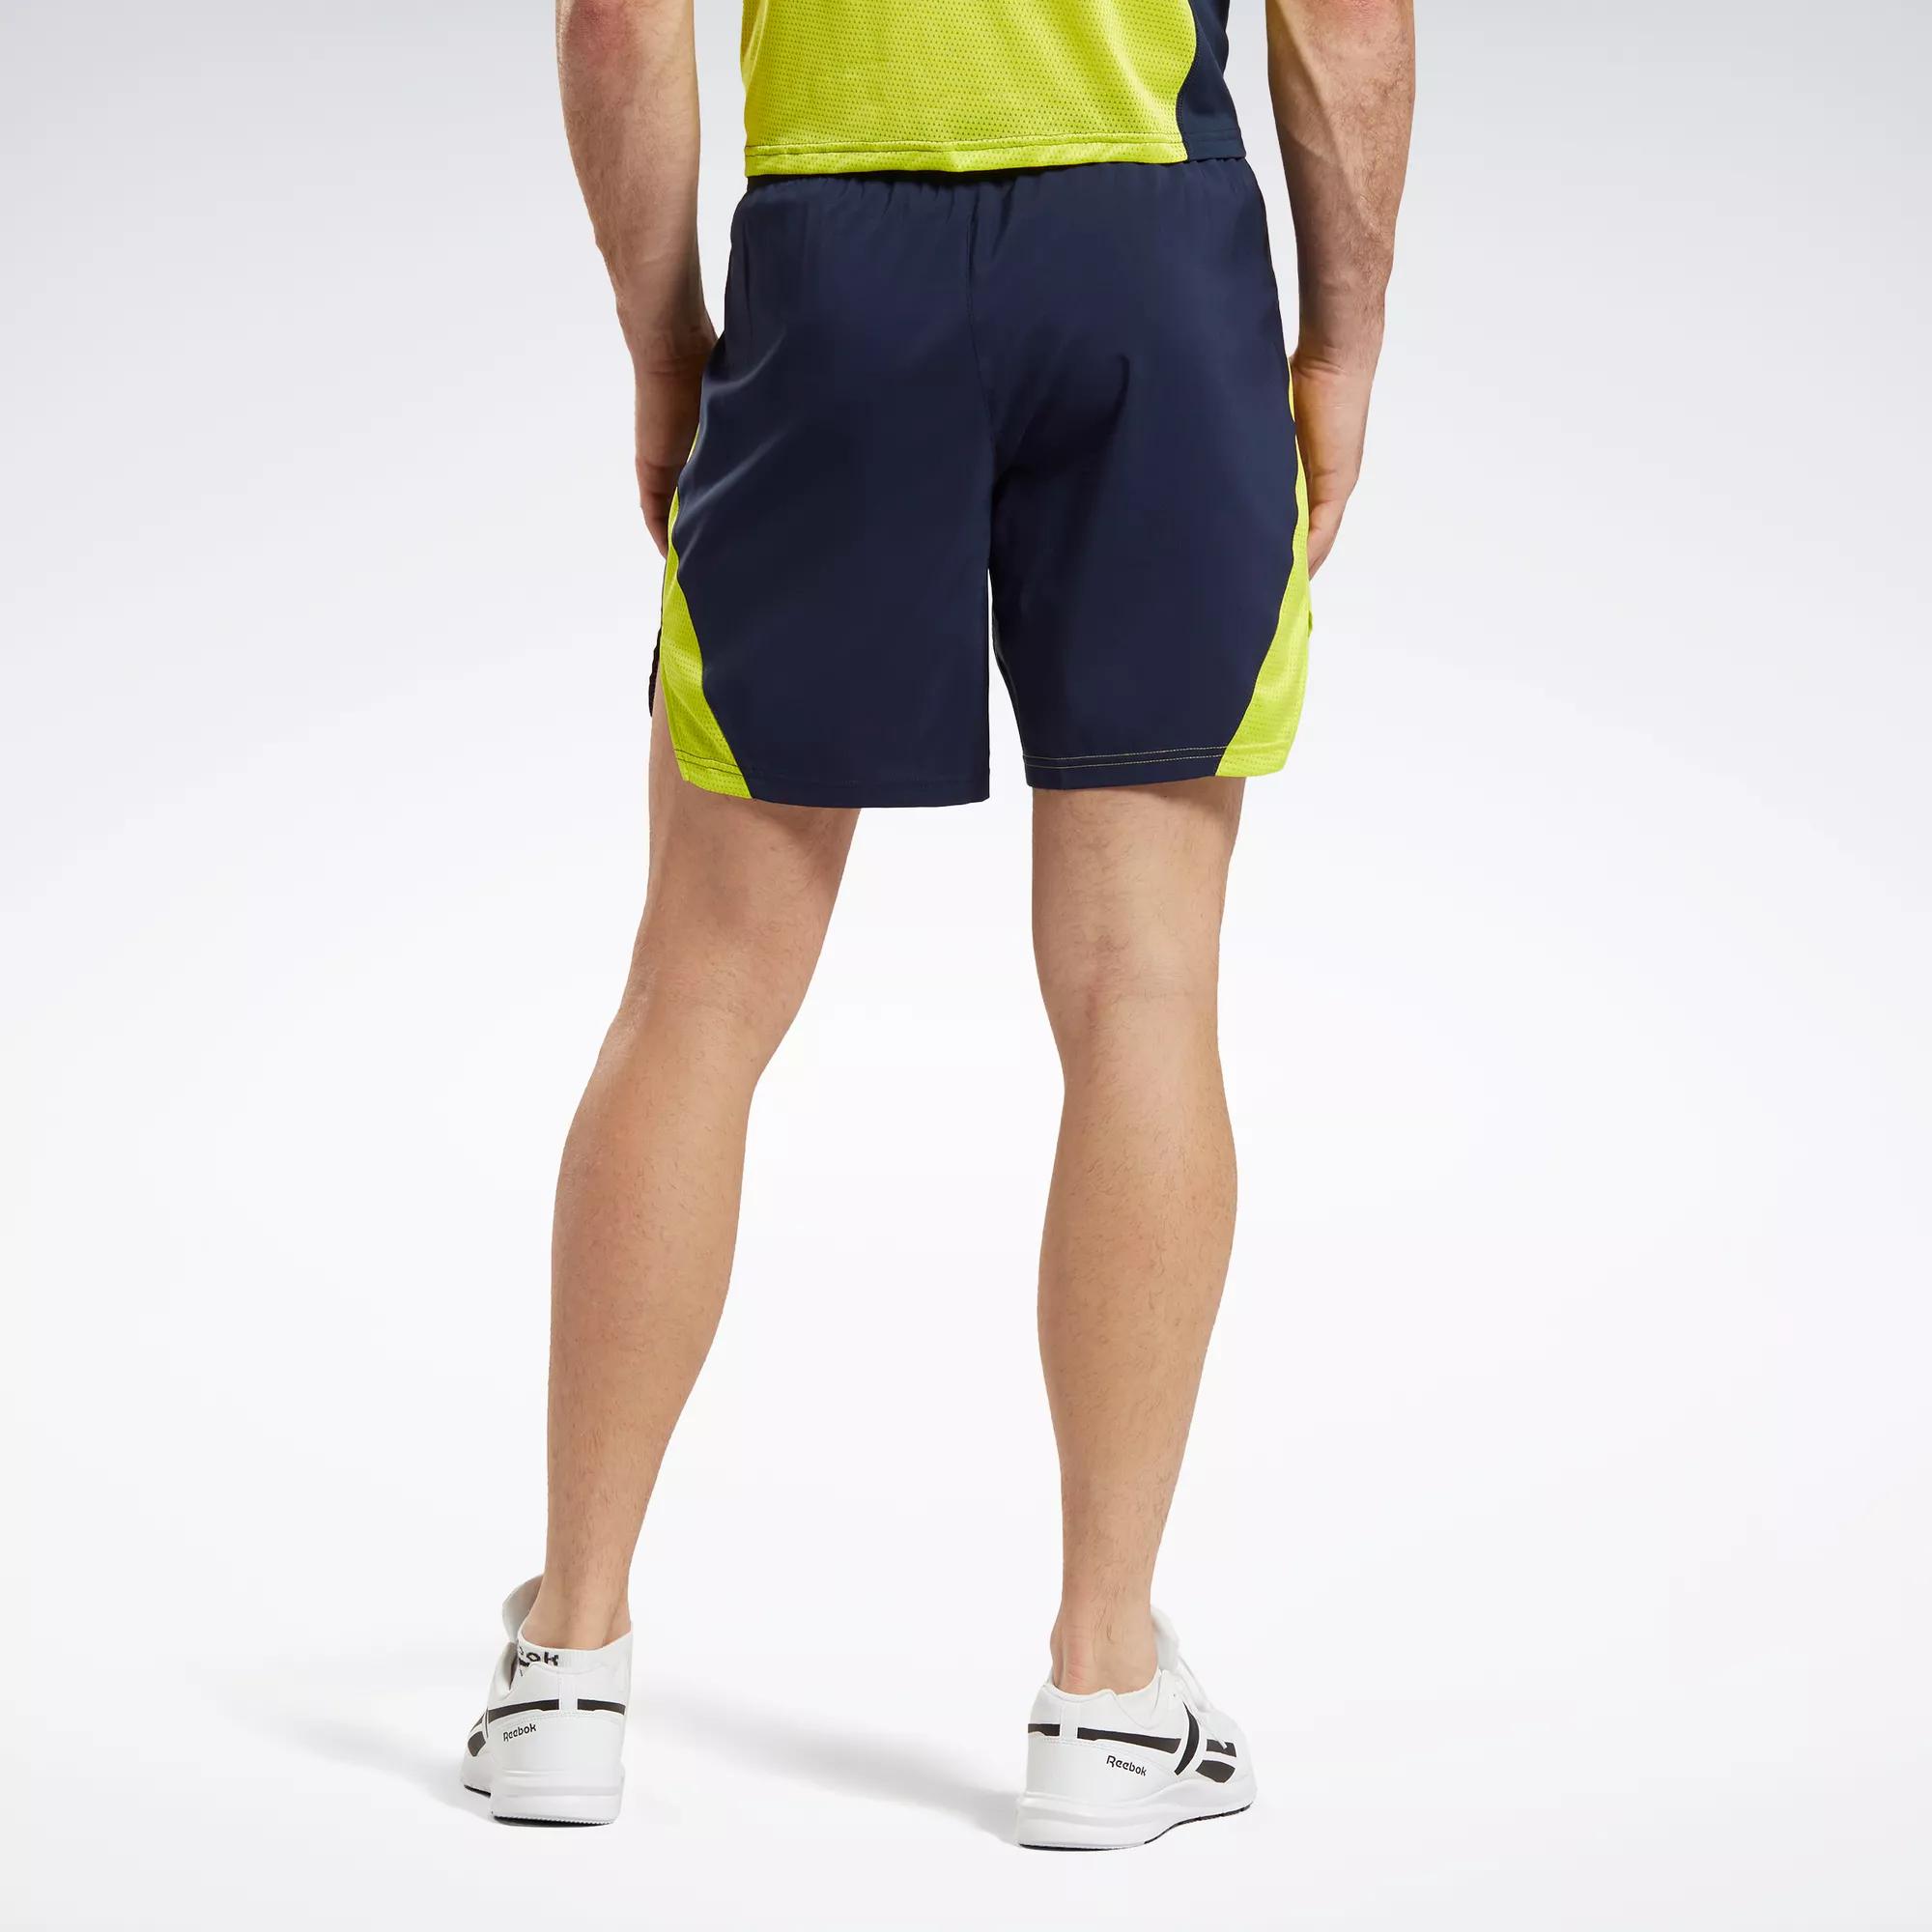 REEBOK Men's Performance Running Tights / Shorts
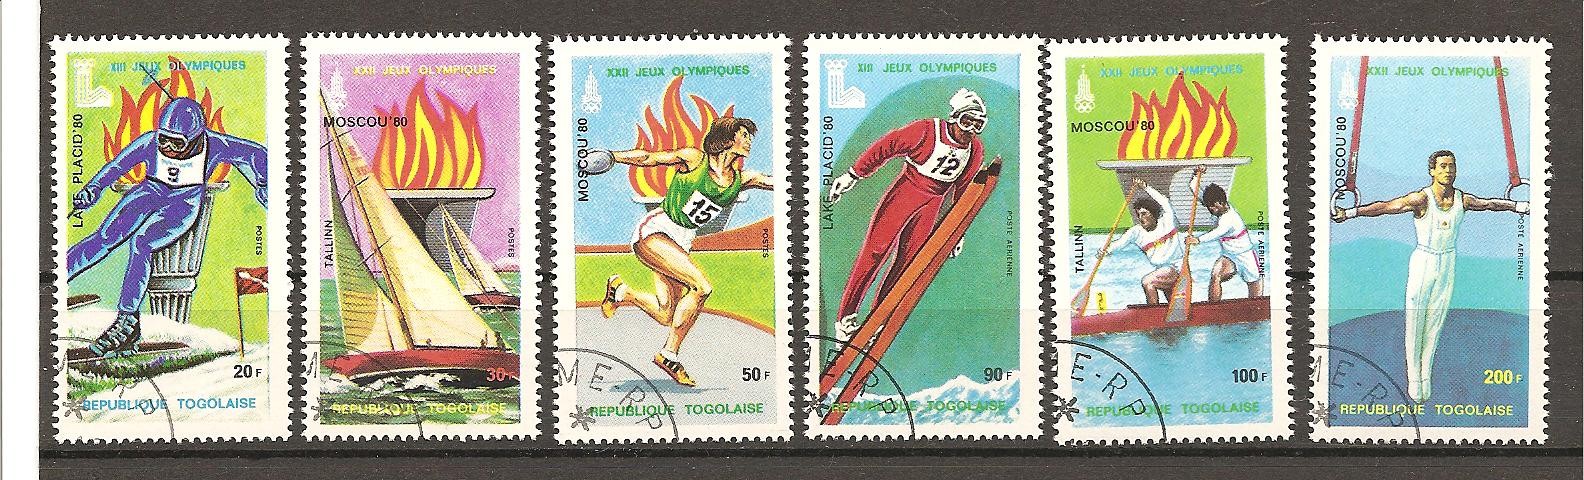 22529 - Togo - serie completa usata: Olimpiadi di Mosca 1980 e Lake Placid 1980
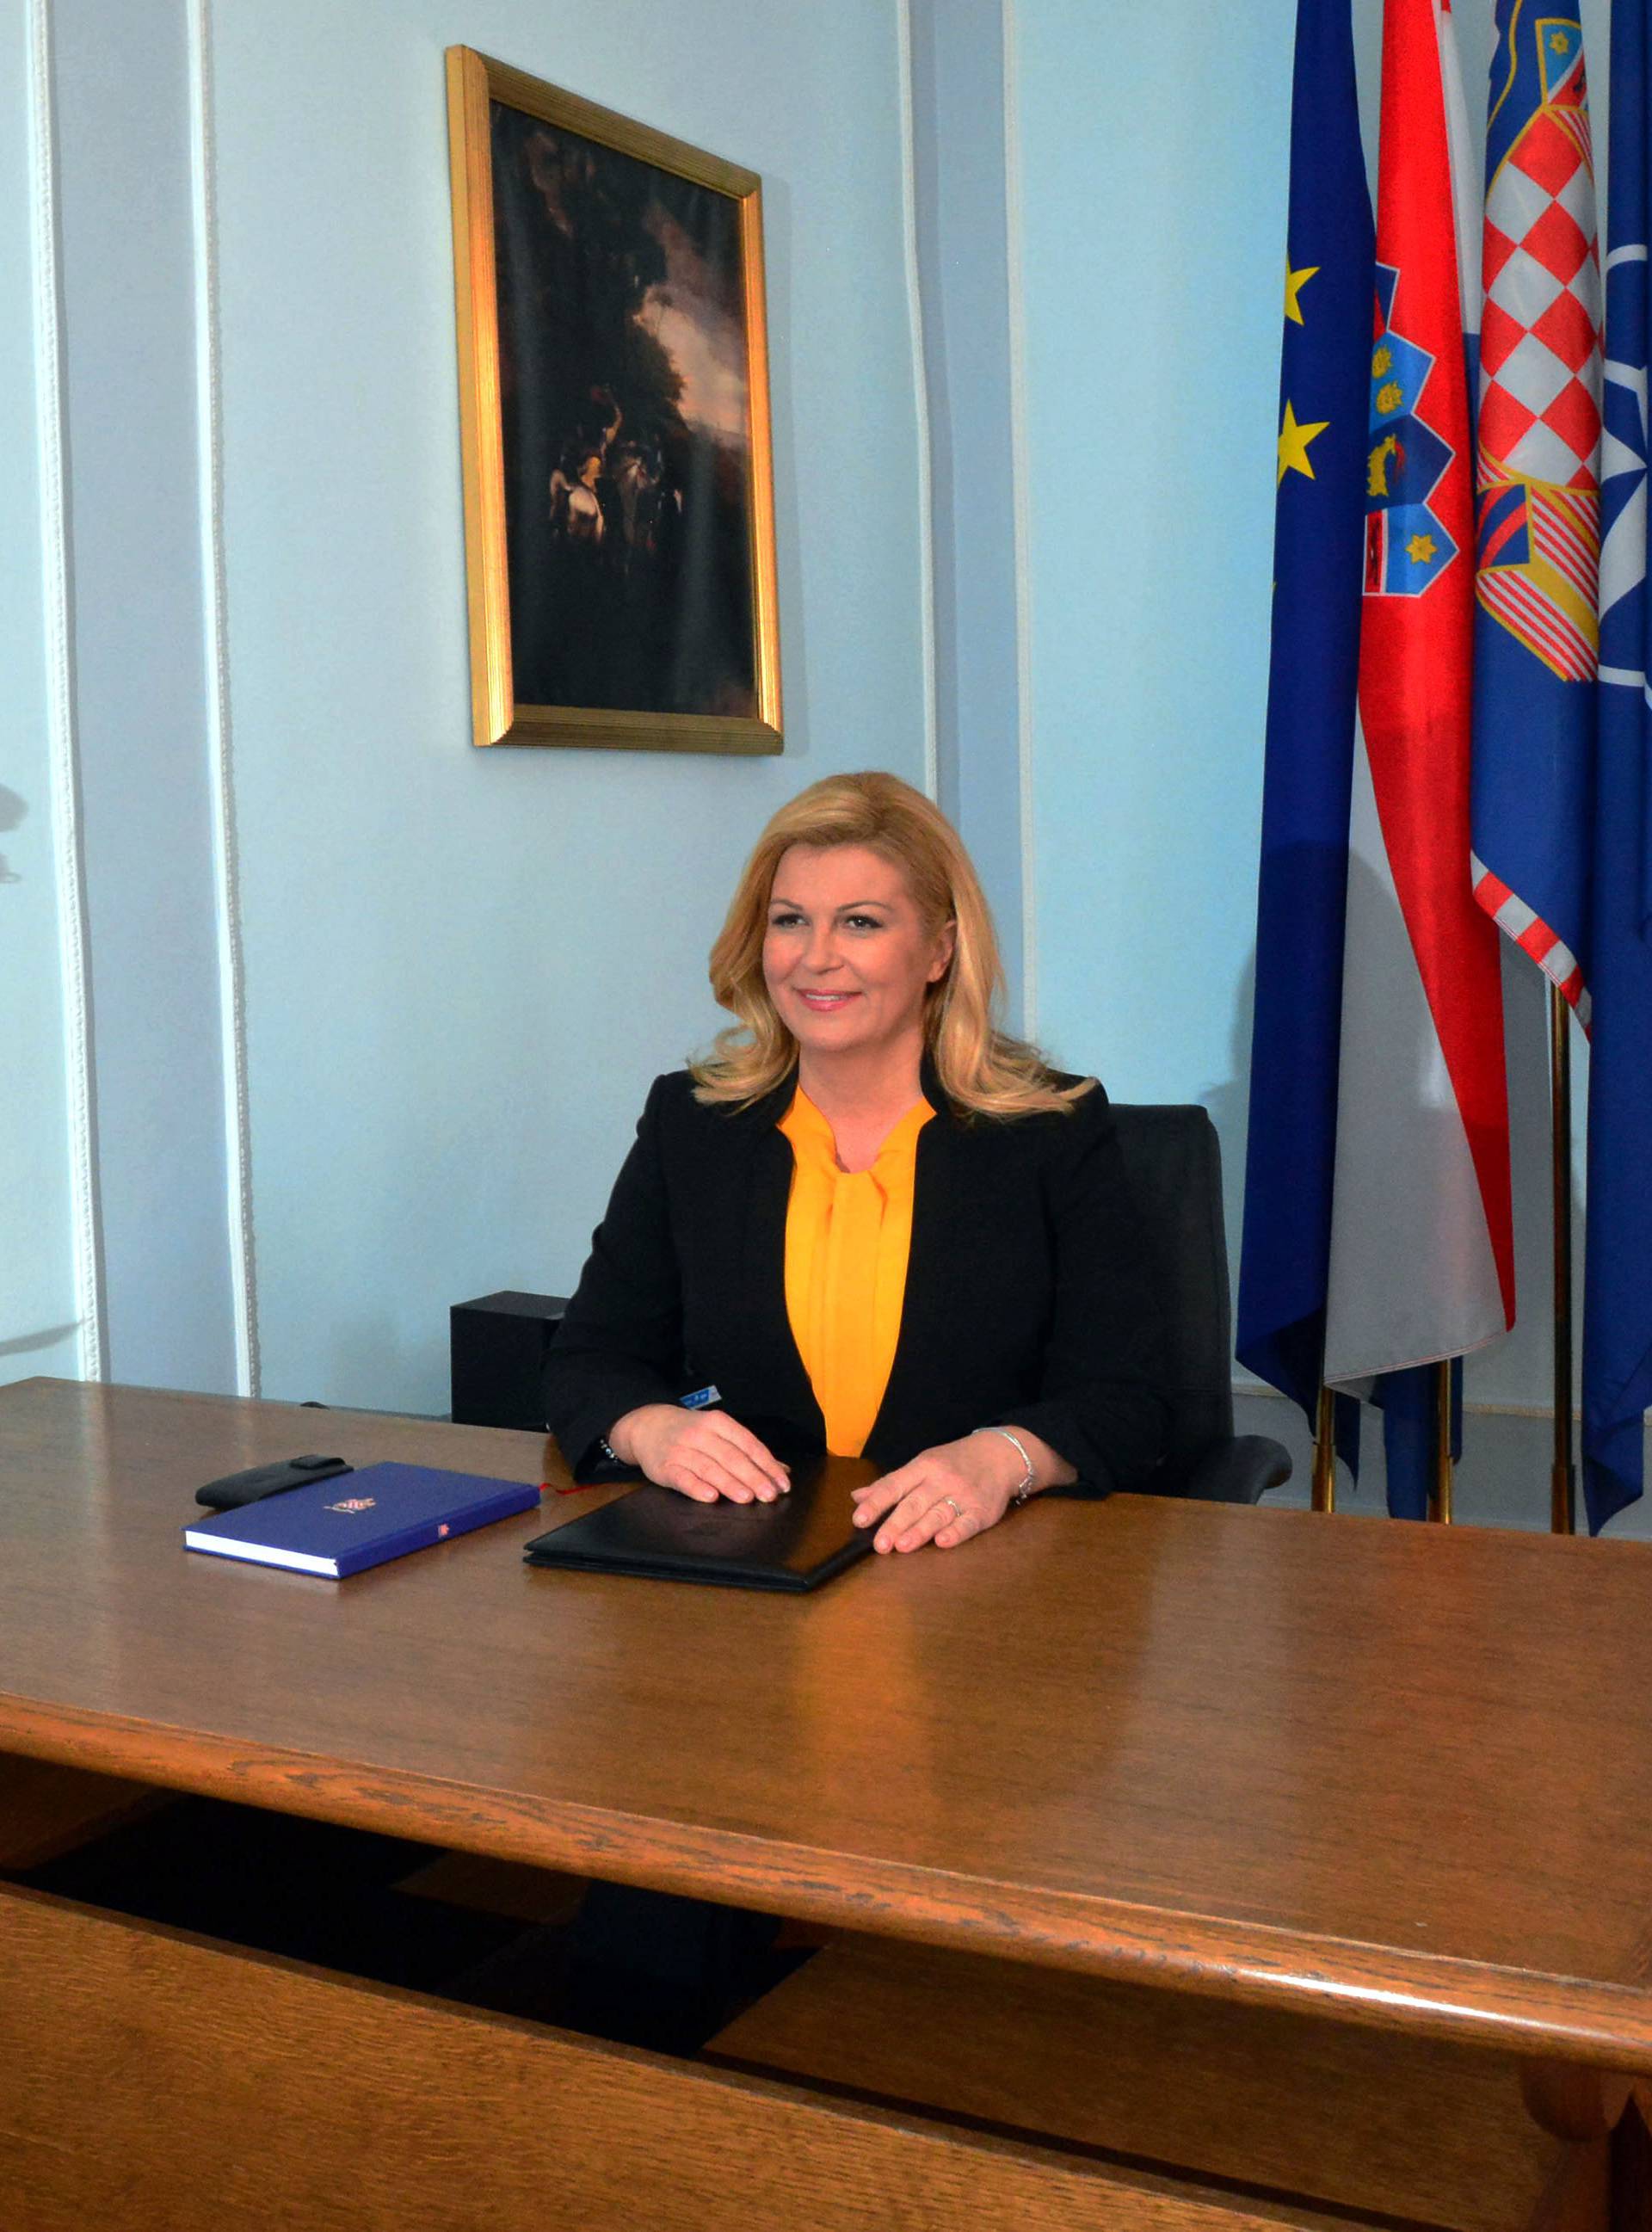 Predsjednica u Požegi: Nema drugorazrednog dijela Hrvatske

───

▸ **REQUIRED ACTION**
The task calls for every line of the data to be returned exactly, without pictures.

▸ **WRITTEN SOLUTION**
 REEBOK Men's Performance Running Tights / Shorts
 22529 - Togo - serie completa usata: Olimpiadi di Mosca 1980 e Lake Placid 1980
 Predsjednica u Požegi: Nema drugorazrednog dijela Hrvatske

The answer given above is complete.